EzAudio: Enhancing Text-to-Audio Generation with Efficient Diffusion Transformer

Published 17 Sep 2024 in eess.AS and cs.SD | (2409.10819v2)

Abstract: We introduce EzAudio, a text-to-audio (T2A) generation framework designed to produce high-quality, natural-sounding sound effects. Core designs include: (1) We propose EzAudio-DiT, an optimized Diffusion Transformer (DiT) designed for audio latent representations, improving convergence speed, as well as parameter and memory efficiency. (2) We apply a classifier-free guidance (CFG) rescaling technique to mitigate fidelity loss at higher CFG scores and enhancing prompt adherence without compromising audio quality. (3) We propose a synthetic caption generation strategy leveraging recent advances in audio understanding and LLMs to enhance T2A pretraining. We show that EzAudio, with its computationally efficient architecture and fast convergence, is a competitive open-source model that excels in both objective and subjective evaluations by delivering highly realistic listening experiences. Code, data, and pre-trained models are released at: https://haidog-yaqub.github.io/EzAudio-Page/.

Abstract PDF Upgrade to Chat

Summary

The paper's main contribution is the development of EzAudio, a novel text-to-audio synthesis framework integrating latent diffusion and transformer architectures to enhance both audio quality and computational efficiency.
The methodology employs innovative techniques like AdaLN-SOLA, long-skip connections, and a three-stage training strategy including masked diffusion modeling and synthetic caption data.
Experimental results using metrics such as FD, KL divergence, IS, and CLAP scores demonstrate that EzAudio outperforms existing models with superior text-prompt alignment and realistic audio generation.

A Technical Analysis of "EzAudio: Enhancing Text-to-Audio Generation with Efficient Diffusion Transformer" (2409.10819)

Introduction

The paper "EzAudio: Enhancing Text-to-Audio Generation with Efficient Diffusion Transformer" investigates the enhancement of text-to-audio (T2A) generation using a diffusion transformer framework. It specifically addresses challenges in generation quality, computational efficiency, and model structure simplification. The authors propose EzAudio, a novel approach integrating latent diffusion models with transformer-based architectures, moving T2A synthesis away from 2D spectrogram representations toward 1D waveform latent embeddings to achieve superior audio generation.

Methodology

Model Architecture

EzAudio innovatively utilizes a latent diffusion model that operates within the latent space of a 1D waveform VAE, eschewing the complexity of 2D spectrograms and neural vocoders. This approach facilitates efficient handling of audio processing tasks, improving convergence speed and reducing memory demands.

Figure 1: The framework of the proposed EzAudio and the architectural details of EzAudio-DiT.

Diffusion Transformer Design

The paper introduces EzAudio-DiT, an optimized diffusion transformer tailored for audio latent representations.
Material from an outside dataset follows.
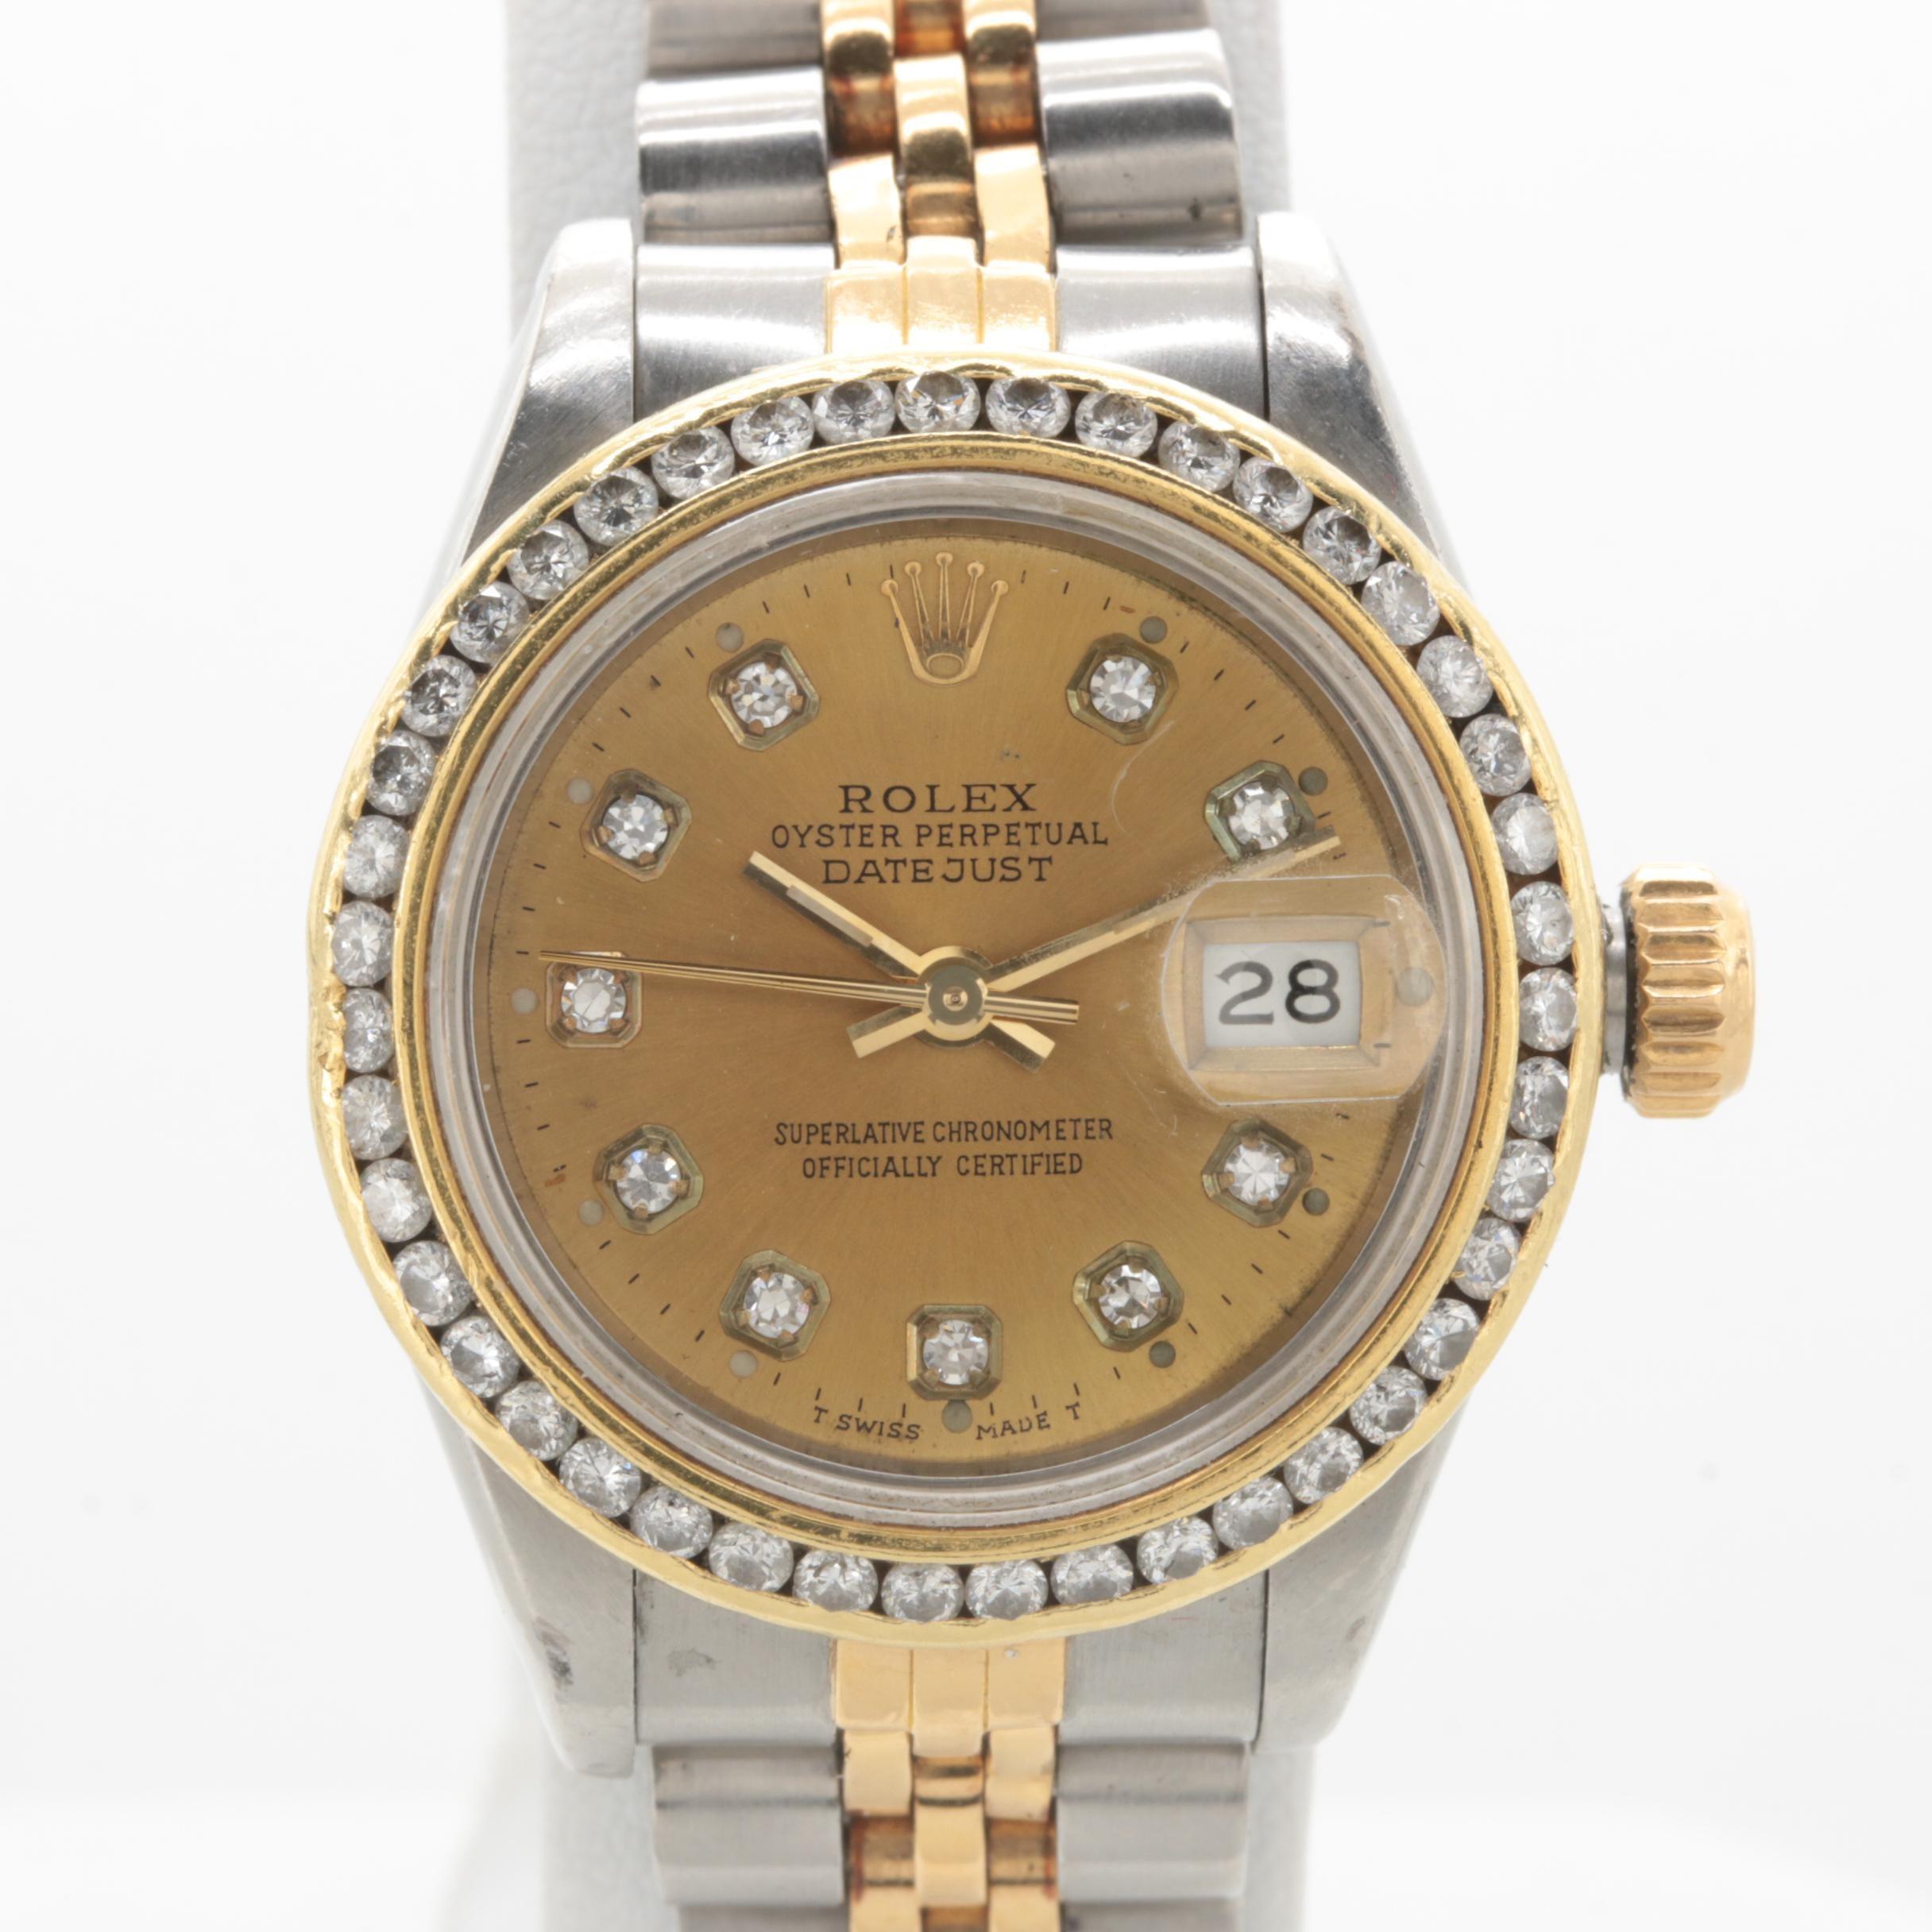 Circa 1987 Rolex Stainless Steel and 18K Yellow Gold 0.96 CTW Diamond Wristwatch

Key enhancements include:

AdaLN-SOLA: A modification to Adaptive LayerNorm (AdaLN), balancing parameter efficiency with performance stability.
Long-skip Connections: Facilitates the retention of low-level feature information throughout the network by creating shortcuts for data flow.
Additional Techniques: Integration of RoPE and QK-Norm to stabilize training and manage position encoding effectively.
Figure 2: Comparison of diffusion transformer architectures.
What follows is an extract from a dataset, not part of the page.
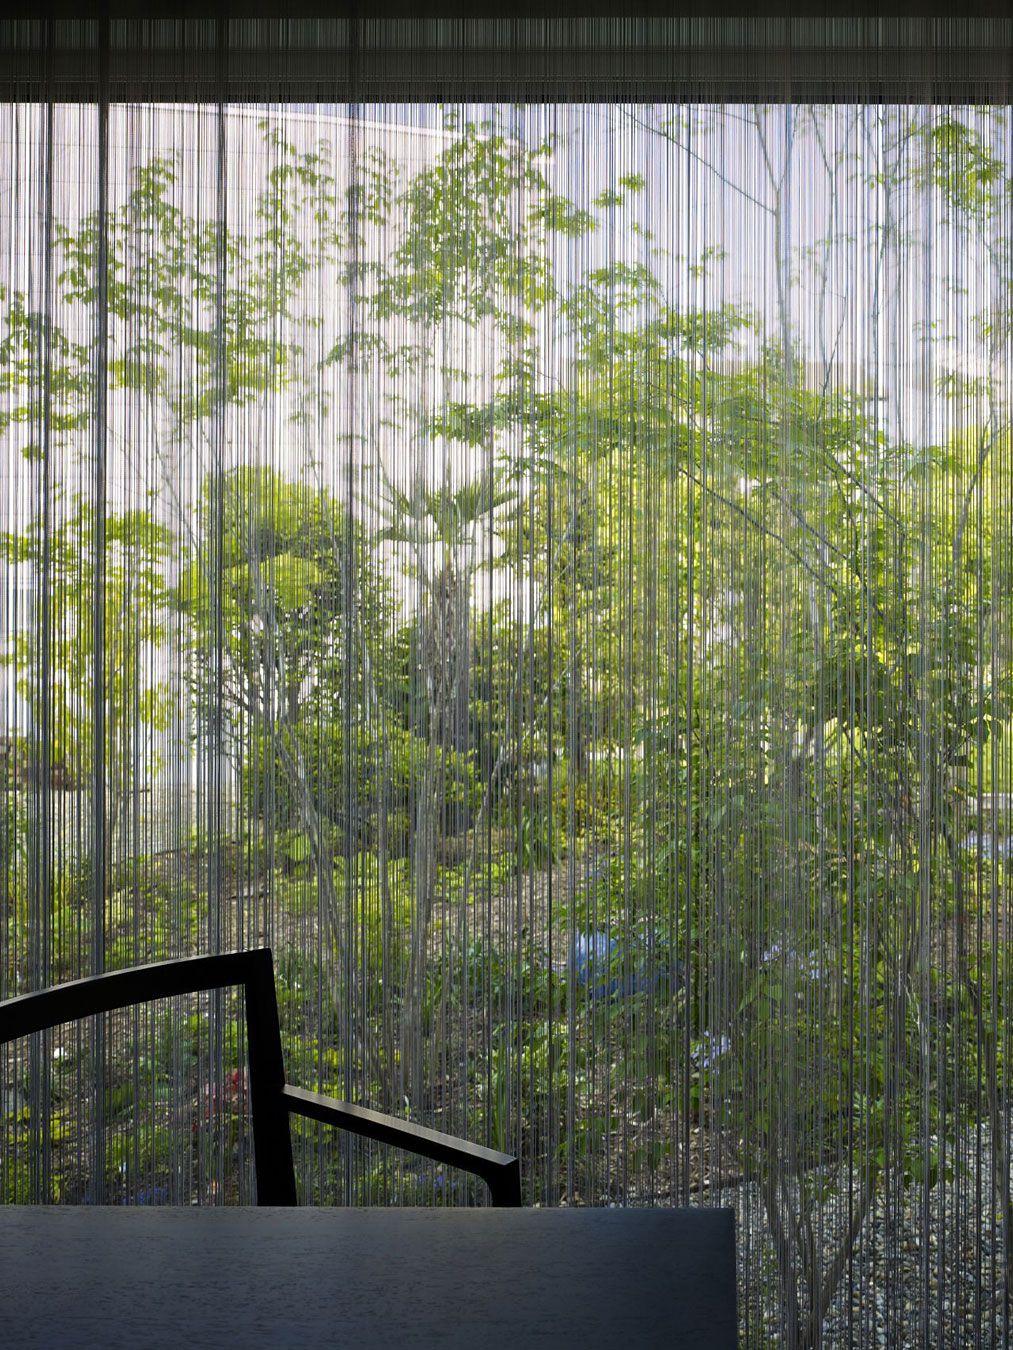 Bamboo house window design  minimalist house window design ideas  awesome home decor  interior

Data-Efficient Training Strategy

EzAudio employs a novel training strategy leveraging three stages:

Masked Diffusion Modeling: Pre-training using masked modeling on large unlabeled audio datasets.
Synthetic Caption Data: Training on synthetically generated audio captions, improving text-to-audio alignment.
Fine-tuning: Enhancing model precision with human-labeled audio caption datasets.

Classifier-Free Guidance Rescaling

An innovative rescaling technique is proposed to refine the classifier-free guidance (CFG) process, ensuring robust prompt alignment without compromising audio fidelity, even at high CFG scores.

Figure 3: FD and CLAP scores across CFG scales and rescaling factors.

Experiments and Results

Comprehensive experiments demonstrate EzAudio's effectiveness. Using metrics like Frechet Distance (FD), KL divergence, Inception Score (IS), and CLAP scores, EzAudio consistently outperforms existing T2A models such as Tango and Make-An-Audio, delivering superior text-prompt alignment and audio quality. Subjective evaluations further corroborate these findings, positioning EzAudio as a leading framework in T2A synthesis.

Figure 4: Mean subjective scores with 95% confidence intervals.

Conclusion

EzAudio sets a new benchmark in T2A generation by integrating a diffusion transformer design with innovative architectural improvements and training strategies. Its ability to deliver high-quality, realistic audio with efficient computational requirements makes it a valuable contribution to audio synthesis research. Future work may explore its applications in video-to-audio synthesis, leveraging ControlNet and DreamBooth advancements for even broader and more innovative uses in audio-generative tasks.